К концу лета тутовые деревья покрывались бурыми, фиолетовыми, черными бугристыми ягодками. Казалось, жуки облепили ветки. Дерево дрожало, в листьях блудил жаркий ветер. Иногда тутовины служили нам орудием мести: стоило метнуть их в обидчика, и ты был отмщен. Зачастую являлась мать обидчика и по ту сторону забора принималась голосить в три горла о пропащей вещи, о несмываемых пятнах, о нашем бесстыдстве. Когда ягоды созревали, Бабо, горбя спину, улыбаясь и потрясывая головой, прибегала со старым покрывалом, которое мы с сестрой Наташей растягивали под деревом, а после забирались на дерево и трусили мелкие ветви. Бабушка Варсеник сидела внизу, чуть поодаль от покрывала, и, морщась от чистого сильного солнца, поглядывала на нас урывками. Устав от тряски, мы с Наташей усаживались на ветвь потолще и принимались за тутовины. Сиреневый сок тек по нашим щекам, животам и ногам. Мы ели и корчили друг другу глупые рожицы, свидетельствовавшие о настигшем нас счастье. Наташа походила на Маугли, спина ее была покрыта черным приглаженным пушком, с головы ниспадали и струились по плечам жгучие смоляные волосы, в глазах темнели упругие зрачки. Наташа была мне защитником и била бивших меня. Пацаны считались с нею как с лидером. Все дохлые кошки в округе были осмотрены ею лично. Наташа могла поднять мертвую крысу за хвост, Наташа метко лупила из рогатки, Наташа могла делать из подшипников самокат и съезжать с заасфальтированной горки. Наташа была моим главным аргументом в случавшихся во дворах спорах.
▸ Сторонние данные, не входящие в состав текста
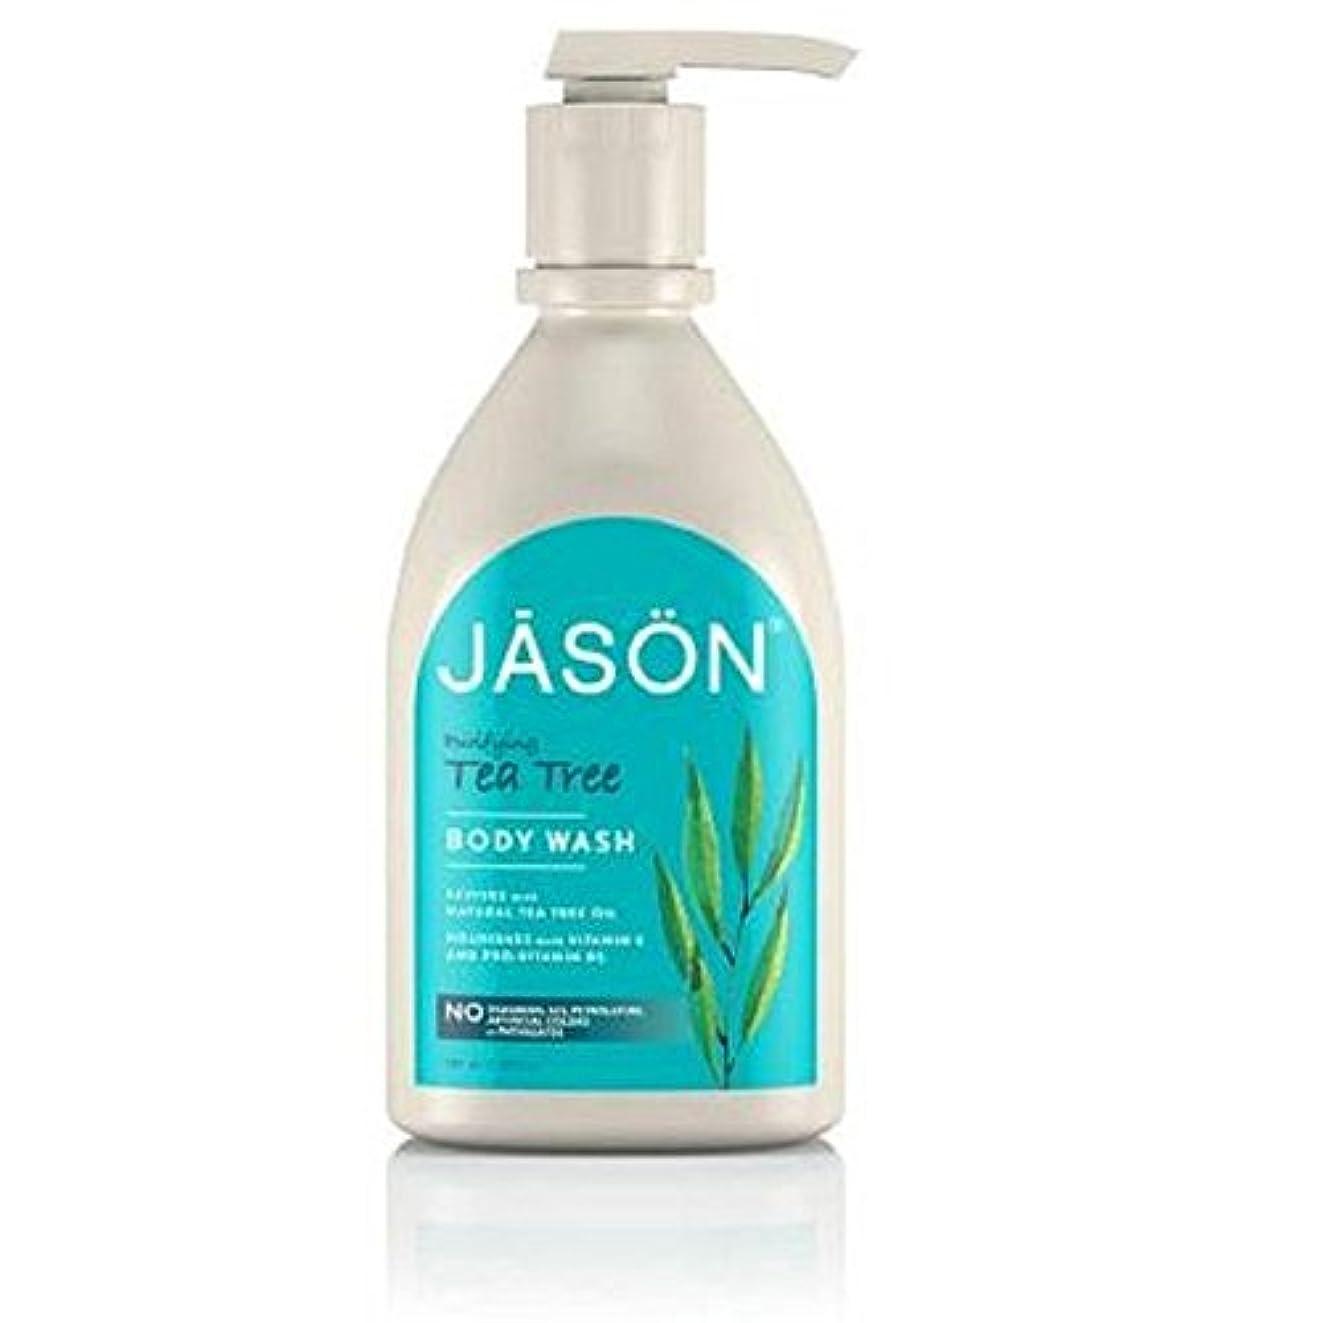 物理的なマザーランド援助するジェイソン?ティーツリーサテンボディウォッシュポンプ900ミリリットル x2 - Jason Tea Tree Satin Body Wash Pump 900ml (Pack of 2) [並行輸入品]

Небо сквозь крону синело клочками, горячий воздух жадно входил в нас, жизнь обещала всегда быть радостью. Бабо принималась покрикивать на нас, если мы, по ее мнению, засиживались на дереве. Тогда, резко сменив положение, вцепившись в ветви и конвульсивно подергиваясь, словно исполняя ритуальный танец неведомых дикарей, мы принимались за тряску дерева. Тутовины отрывались и лиловым дождем покрывали настил. Некоторые ягоды расплющивало от удара: брызнув соком, они ложились рядом с пятнышком, как павшие солдаты. В итоге, когда сотрясалось лишь дерево и ничего больше не падало, Бабо кричала нам: «Херика!», что означало «Достаточно!». Мы спрыгивали и вместе с Бабо начинали поднимать с концов покрывало, чтобы тутовины скатывались к центру. Когда же в середине одеяла синел массивный холм ягод, Бабо скручивала концы настила змеей, обхватывала ее цепкими руками, отрывала от земли и семенила на свою часть двора, чтобы там уже разбирать урожай. Мы очень любили Бабо.